- [Exercise instructions] When you reach the line that contains "Sawn Barn Timbers" in the data below, start reproducing lines exactly, and stop after the line that contains "Lightweight toe socks for sport and leisure".

- [Records supplied]
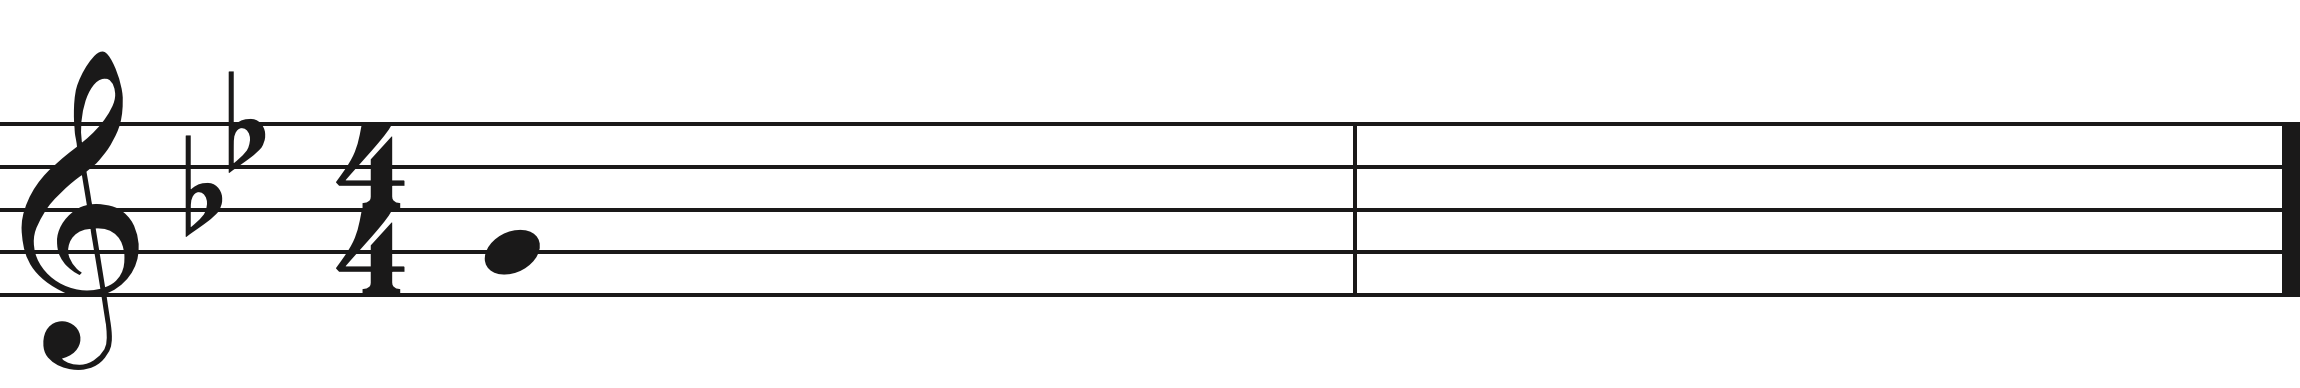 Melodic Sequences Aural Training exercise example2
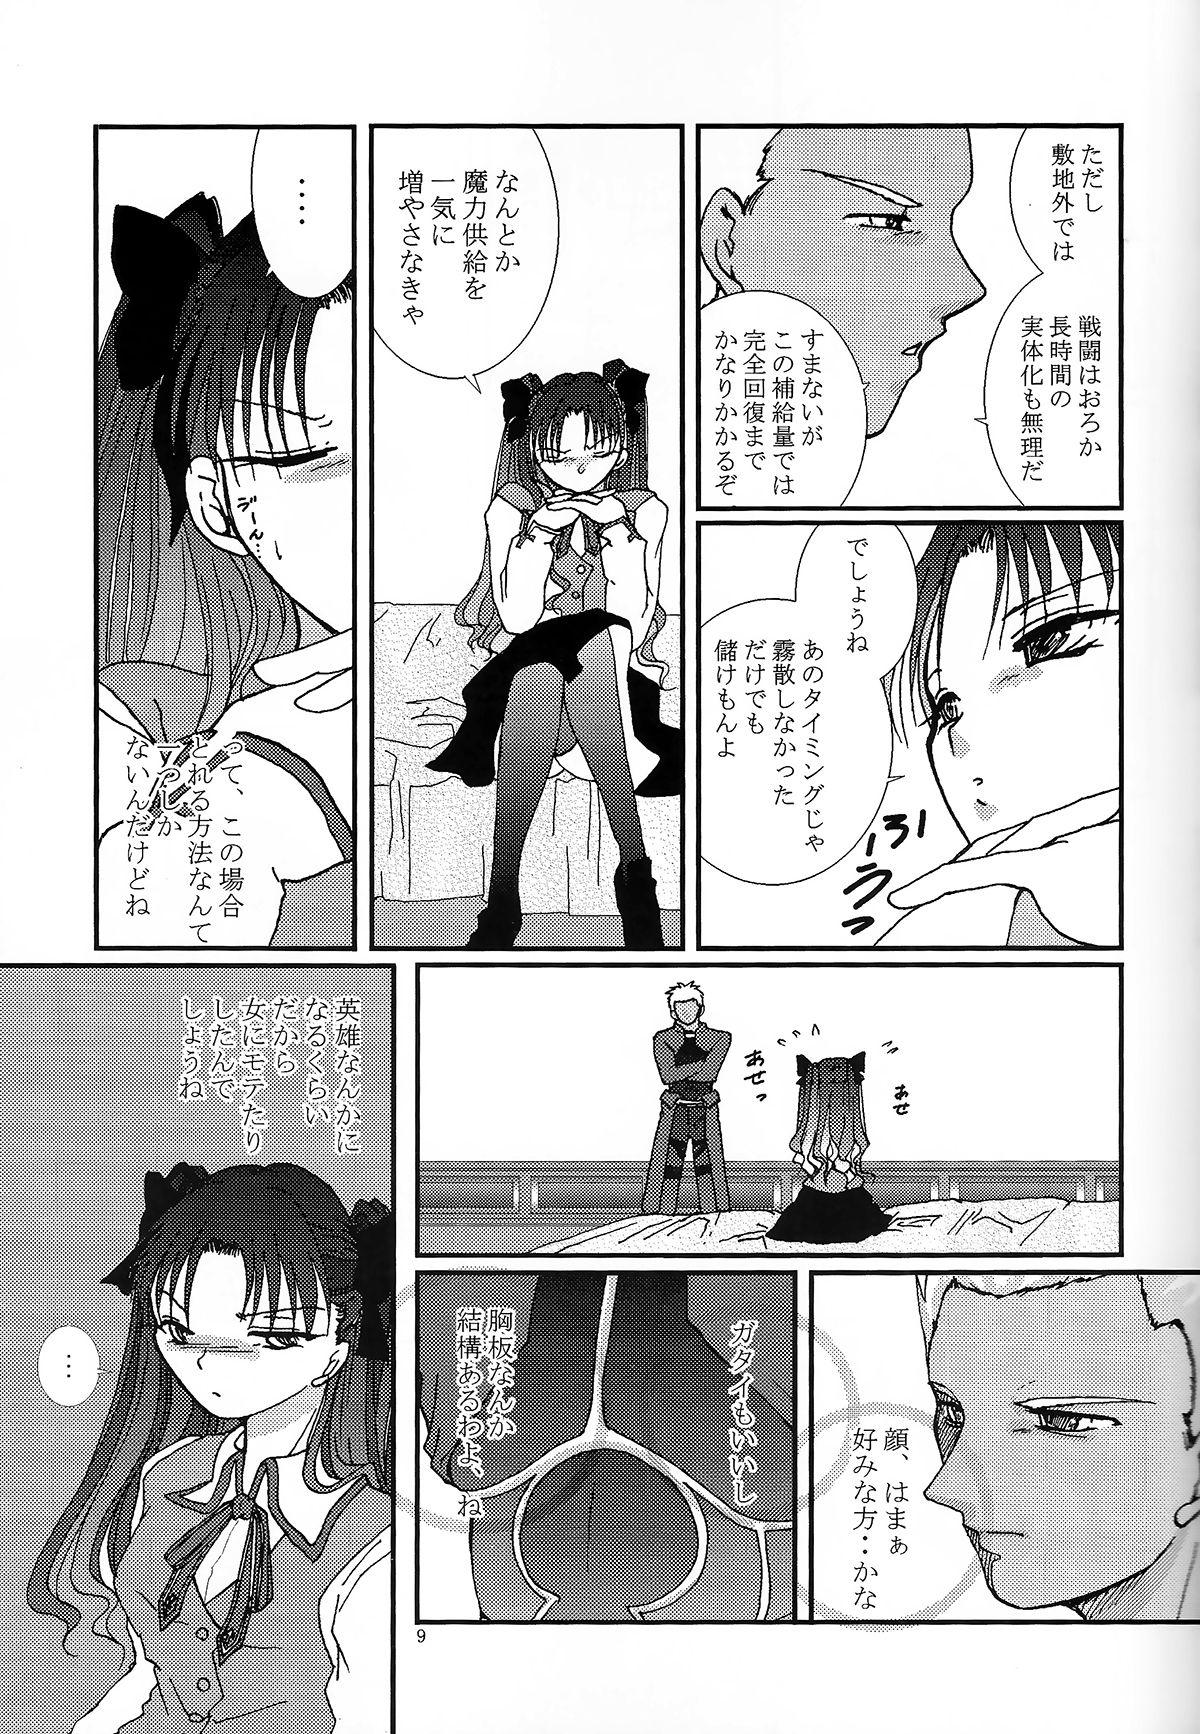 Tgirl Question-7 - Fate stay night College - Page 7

* * *

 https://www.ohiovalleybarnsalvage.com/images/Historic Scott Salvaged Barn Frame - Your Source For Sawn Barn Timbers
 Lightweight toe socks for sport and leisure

- [Response box]
 https://www.ohiovalleybarnsalvage.com/images/Historic Scott Salvaged Barn Frame - Your Source For Sawn Barn Timbers
 Lightweight toe socks for sport and leisure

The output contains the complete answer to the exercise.